Now she had to cut another happy memory out. There was no choice. When she was done, Teri’s memory with Tabitha on the porch was in the cage, too.
No matter how much I cut, it’s never enough.
Terry jumped back into the threads, going from one memory to the next, moving faster and faster through every scene.
Teri's father, Tip, was an alcoholic asshole who took his own failures out on her and her mom. He was jealous of her intelligence. He assaulted her in many ways. She created an alter ego to take the abuse. That alter ego has been trimming away the abuse from Teri's conscious memories in an attempt to help her cope, but every bad memory is connected to good memories... such is the nature of complex ptsd. So Terry has to trim much of the good stuff away because so much of it leads to the bad things.

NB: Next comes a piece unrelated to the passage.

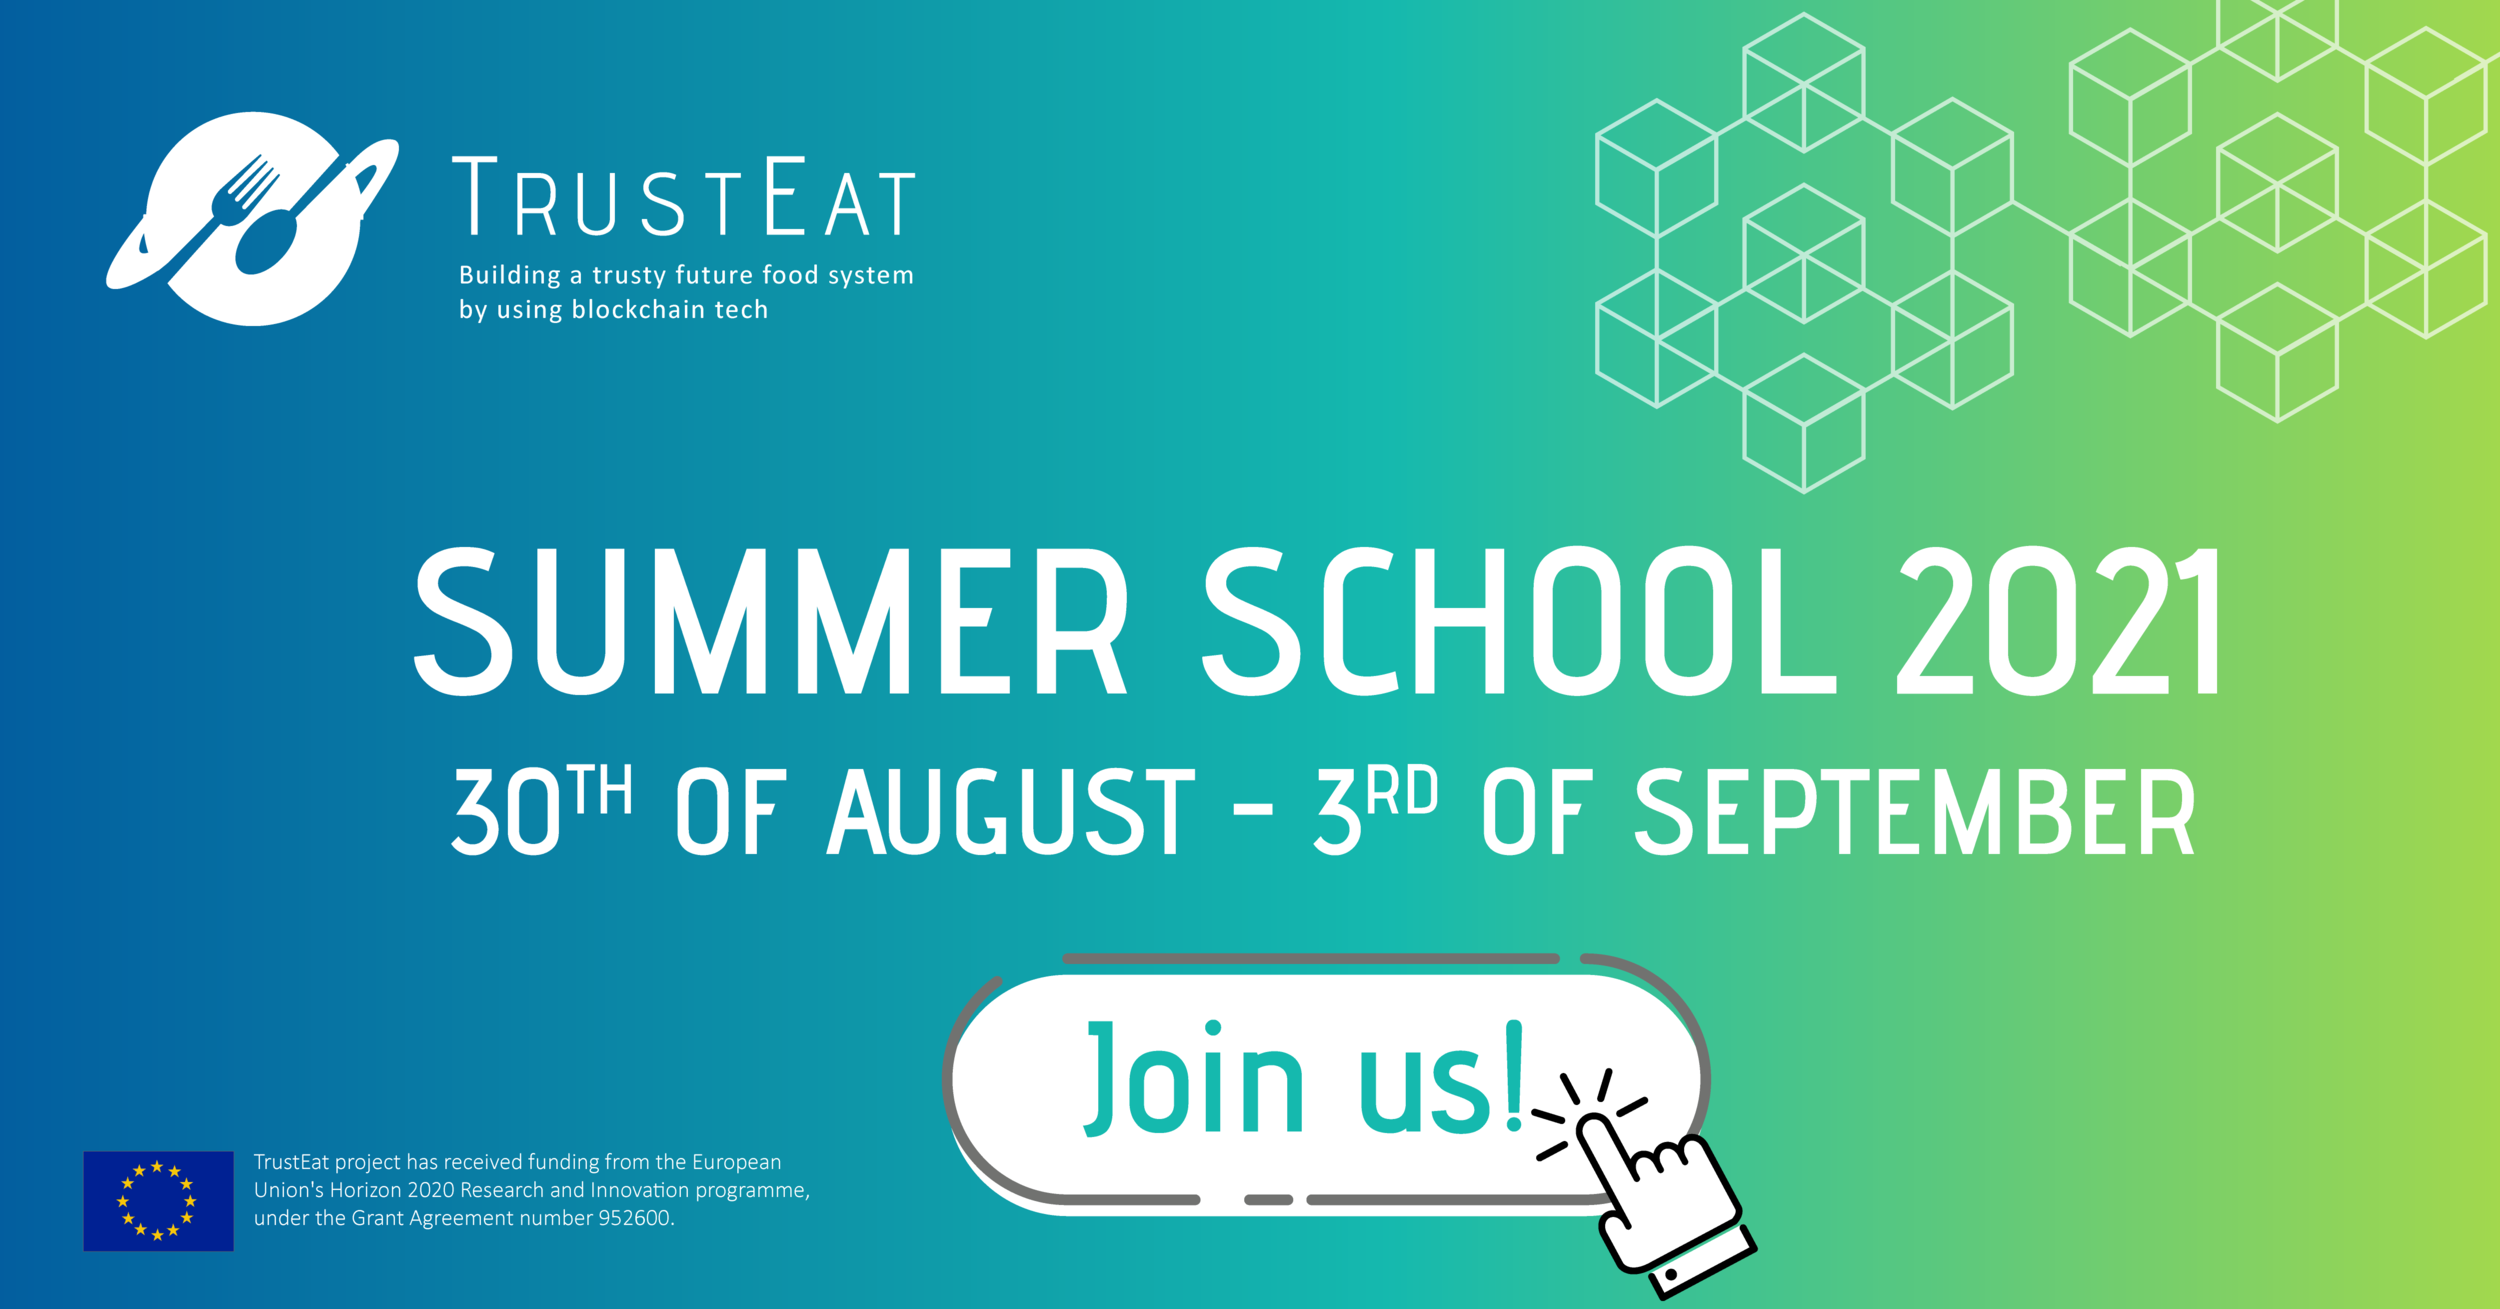 TrustEat Summer School 2021 is coming your way!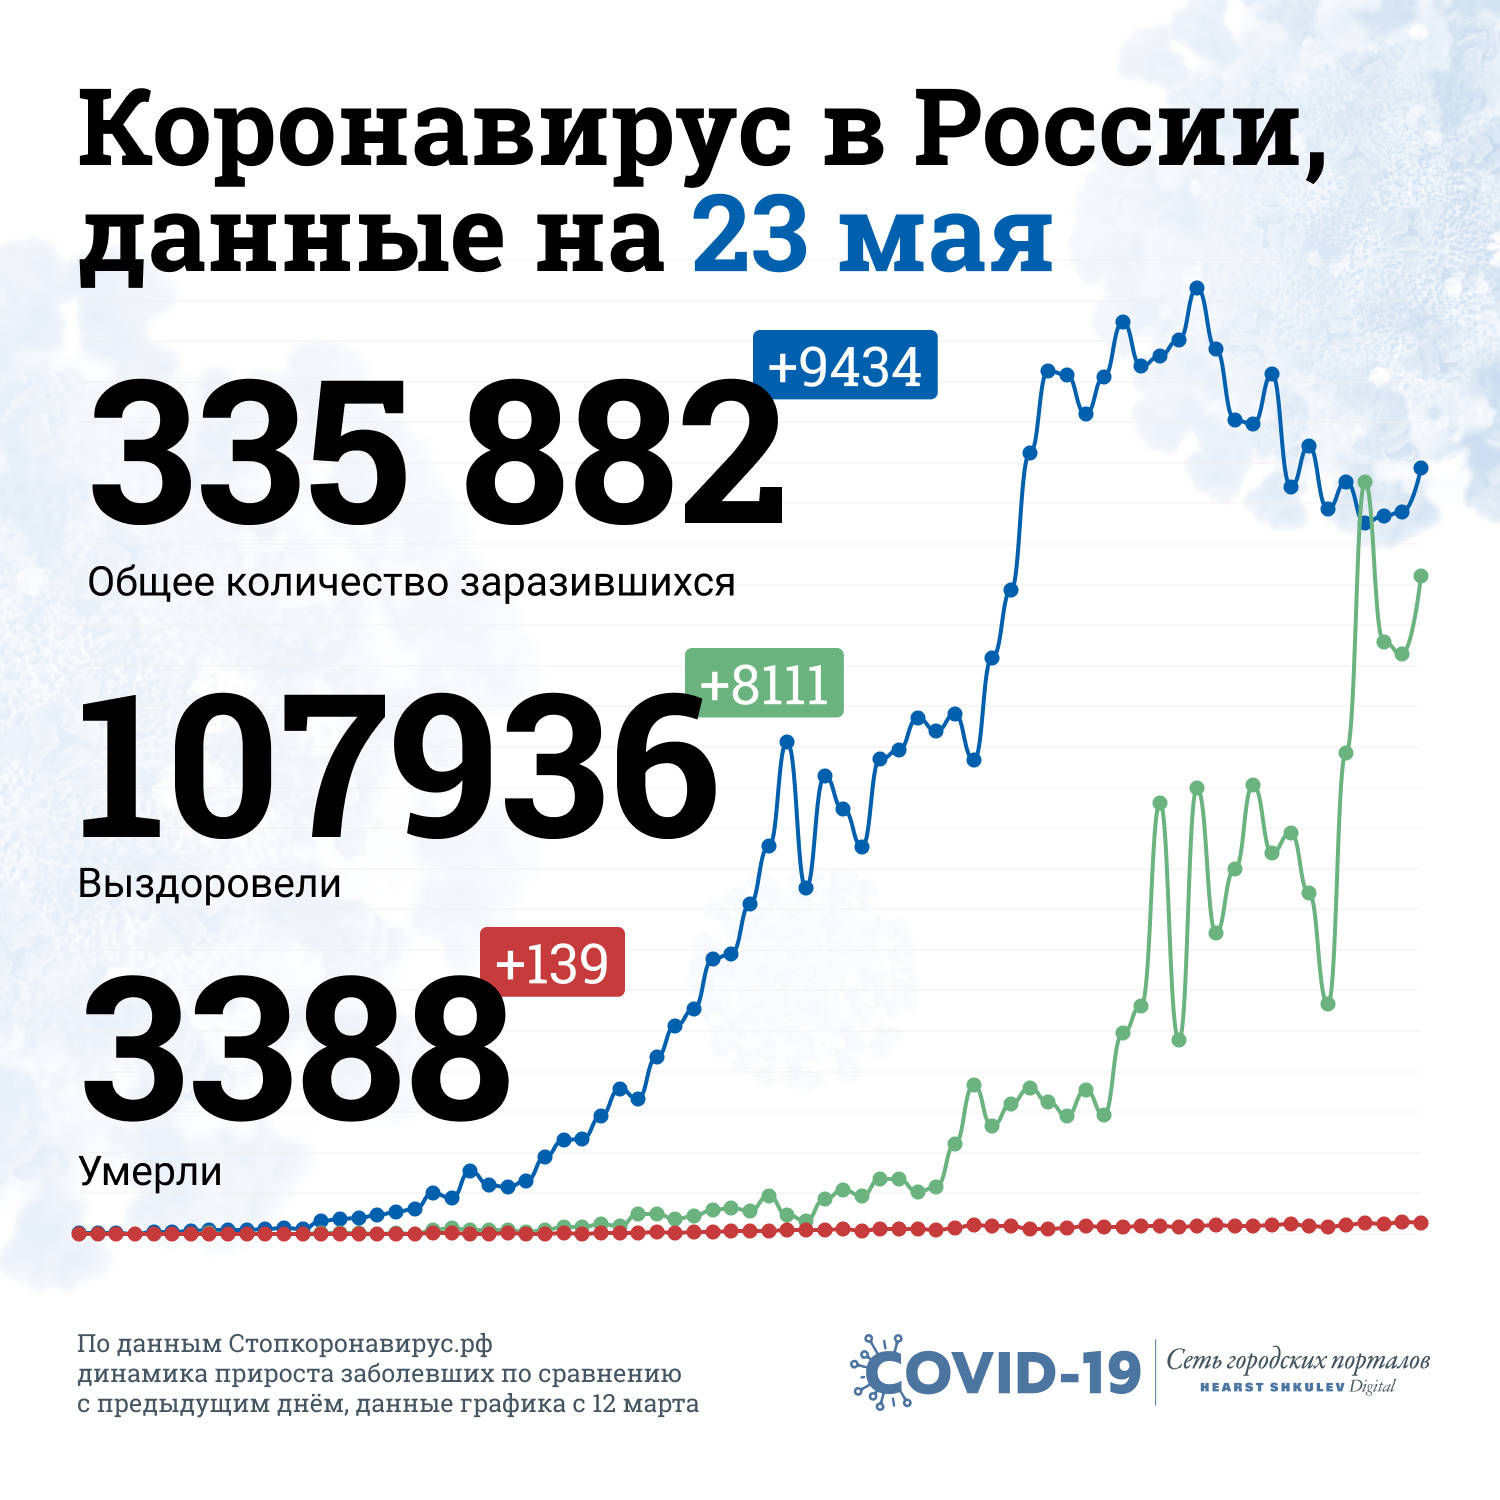 Так выглядит статистика пандемии в России

In this chapter, Terry is trying to find the part of their mind that is Teri so she can hopefully get her to wake up. In the process of trying to find Teri to wake her up, Terry finds more things that lead to bad places and trims even more of Teri's good memories away. Everything that gets cut gets put in 'the cage.' Something in the cage wants out. It tells Terry,
“Bitch! Let me out of here. When I get my hands on you there won’t be a trace of you left.”
Terry shrank back.
“It’s a matter of time, Terry. It’s a matter of time. Your little world is falling apart, and I have nothing to do but look for weaknesses. It’s all crashing down. Can you feel it?”
The chapter ends with Terry fleeing from whatever is rattling the cage, scouring Teri's memories faster and faster, trying to find the one Teri is hiding in.